Exploring the relationship among CO2 emissions, real GDP, energy consumption and tourism in the EU and candidate countries: Evidence from panel models robust to heterogeneity and cross-sectional dependence


DOĞAN E., Aslan A.

RENEWABLE & SUSTAINABLE ENERGY REVIEWS, cilt.77, ss.239-245, 2017 (SCI-Expanded) identifier identifier

  • Yayın Türü: Makale / Derleme
  • Cilt numarası: 77
  • Basım Tarihi: 2017
  • Doi Numarası: 10.1016/j.rser.2017.03.111
  • Dergi Adı: RENEWABLE & SUSTAINABLE ENERGY REVIEWS
  • Derginin Tarandığı İndeksler: Science Citation Index Expanded (SCI-EXPANDED), Scopus
  • Sayfa Sayıları: ss.239-245
  • Abdullah Gül Üniversitesi Adresli: Evet

Özet

A major criticism to the existing energy-growth-environment literature, we notice, is the selection of methodology. Panel estimation techniques that fail to consider both heterogeneity and cross-sectional dependence across countries may cause forecasting errors.

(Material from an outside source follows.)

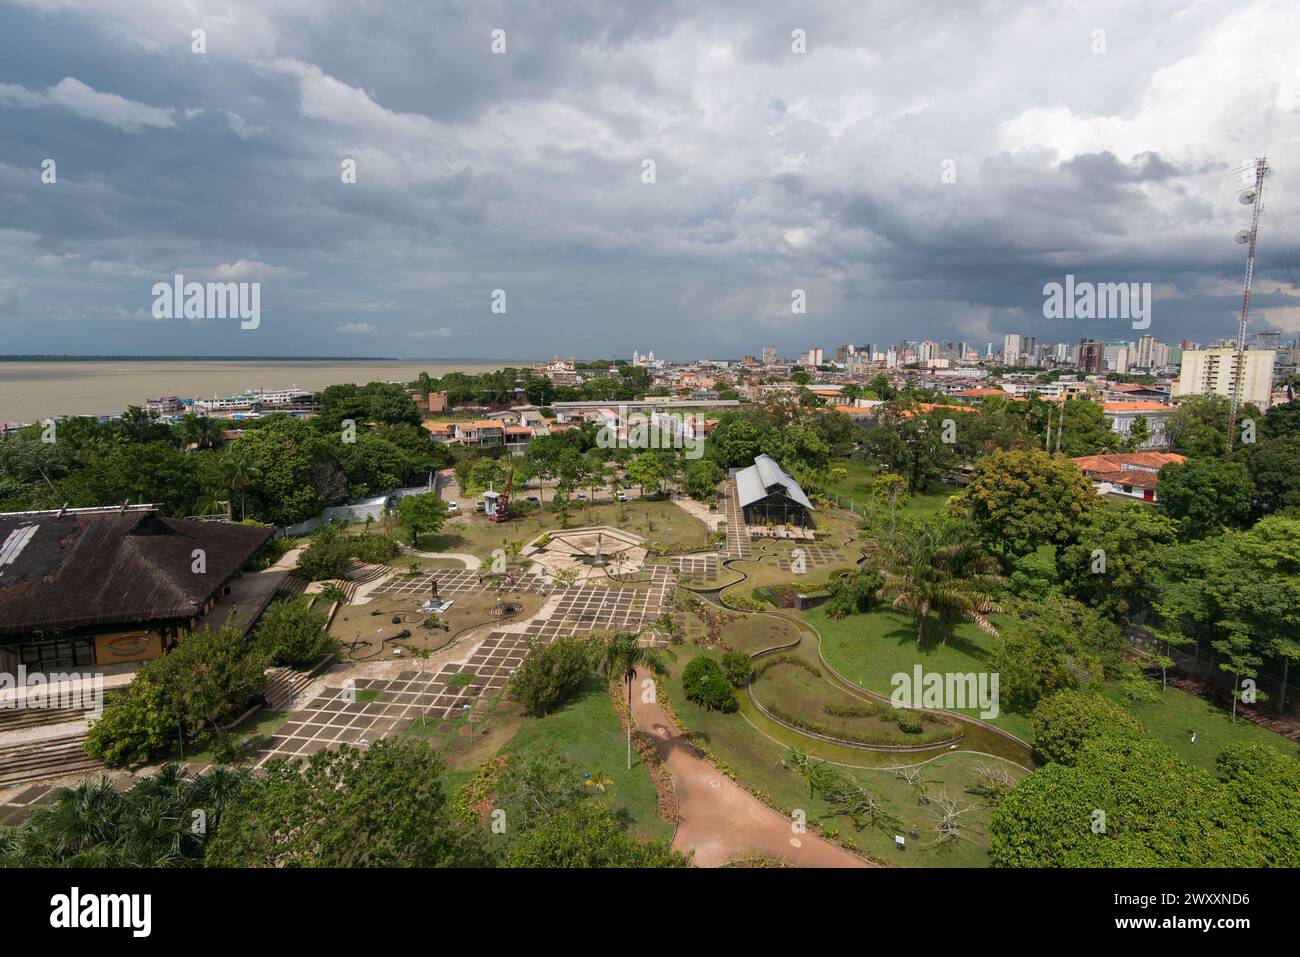 Aerial View of Mangal das Garças Park in Belém City, Brazil Stock Photo

The other concern related to the literature is that only a small number of studies analyze the influence of tourism on CO2 emissions even though tourism sector has potential for affecting the environment. To fulfill the mentioned gaps in the literature, this study analyzes the relationship among carbon emissions, real income, energy consumption and tourism for a panel of the EU and candidate countries over the period 1995-2011 by using heterogeneous panel estimation techniques with cross-sectional dependence. Results from the CADF and the CIPS panel unit root tests show that the analyzed variables become stationary at their first-differences. The LM bootstrap panel cointegration test indicates the presence of a long run relationship among the analyzed variables. Results from the OLS with fixed effects, the FMOLS, the DOLS and the group-mean estimator reveal that energy consumption contributes to the level of emissions while real income and tourism mitigate CO2 emissions. The Emirmahmutoglu-Kose panel Granger causality test suggests that there is one-way causality running from tourism to carbon emissions, and two-way causality between CO2 emissions and energy consumption, and between real income and CO2 emissions. Policy implications are further discussed.